3) Tummy, bum, inner thigh or back flap?
What would you rather? A) A bum with a gap that reminds you of cancer every time you sit down B) Shoulder weakness C) An oddly-shaped inner thigh that makes cycling a bit tricky OR D) a flat stomach. Hmm! Tricky! Not such a dilemma in my book.

Ok, so I’ll admit this is a bit one-sided. Yes, it was major surgery. Yes, there may be more complications down the line. Yes, implants can look amazing. Yes, I have a patchwork of scars across my body. And yes, it hurt A LOT! (and the recovery will take time). But, all things considered, at 32, the short-term-pain-long-term-gain option was always going to win.

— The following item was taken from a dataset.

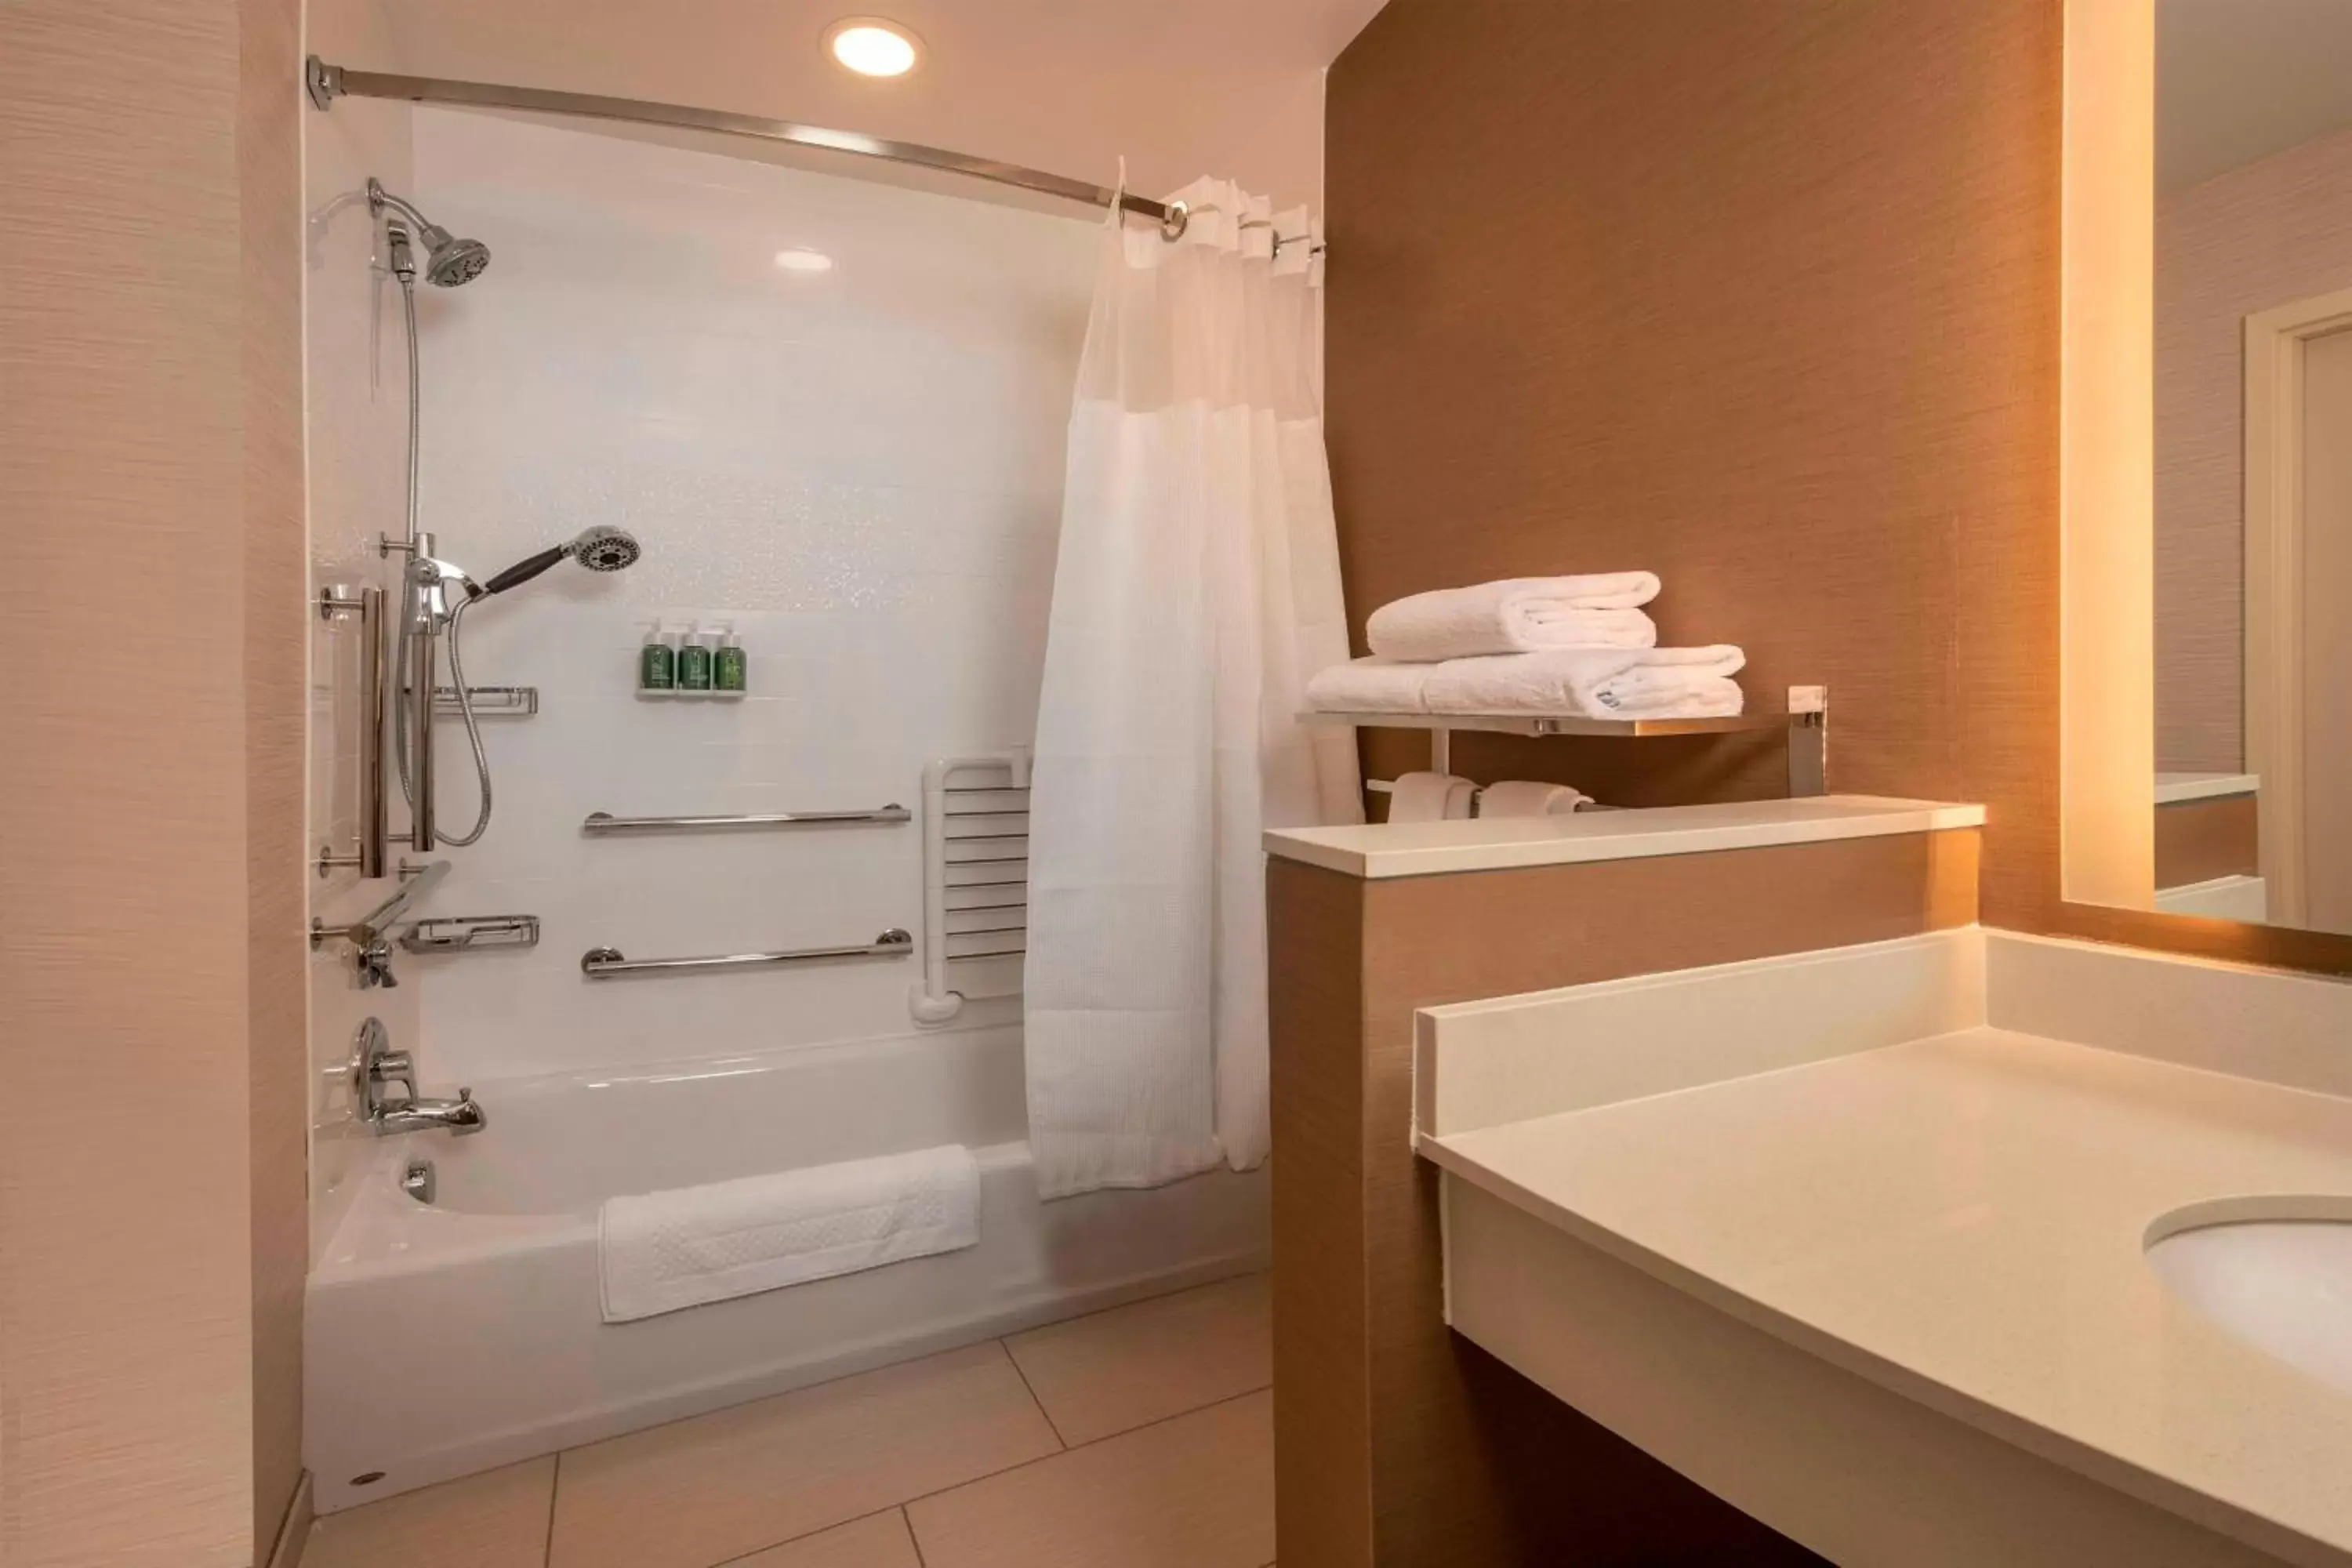 Bathroom in Fairfield Inn & Suites by Marriott Harrisburg International Airport

I have no regrets. I’d made my decision before I’d left the cancer surgeon’s consulting room and long before the plastic surgeon had had the chance to draw a diagram of my tummy and explain the lengthy list of complications.

My tummy is as flat as a pancake.  My boobie is warm and as real as it will ever be (albeit without a nipple for now). When I am rubbing aqueous cream into my scars (a must-buy for anyone with breast cancer), I don’t think about the lengthy surgery or the complications. I just smile and thank the surgeons for saving my life and giving me another reason to feel thankful when I look in the mirror.

For anyone having to make this decision in the future, good luck! Listen to your body, listen to your heart and I hope you have many more happy moments in front of the mirror.

Next decision for me? What to wear to my fertility meeting tomorrow. Do I have a skirt that can fit over my corset without it riding up and looking like a belt? Pretty complex stuff!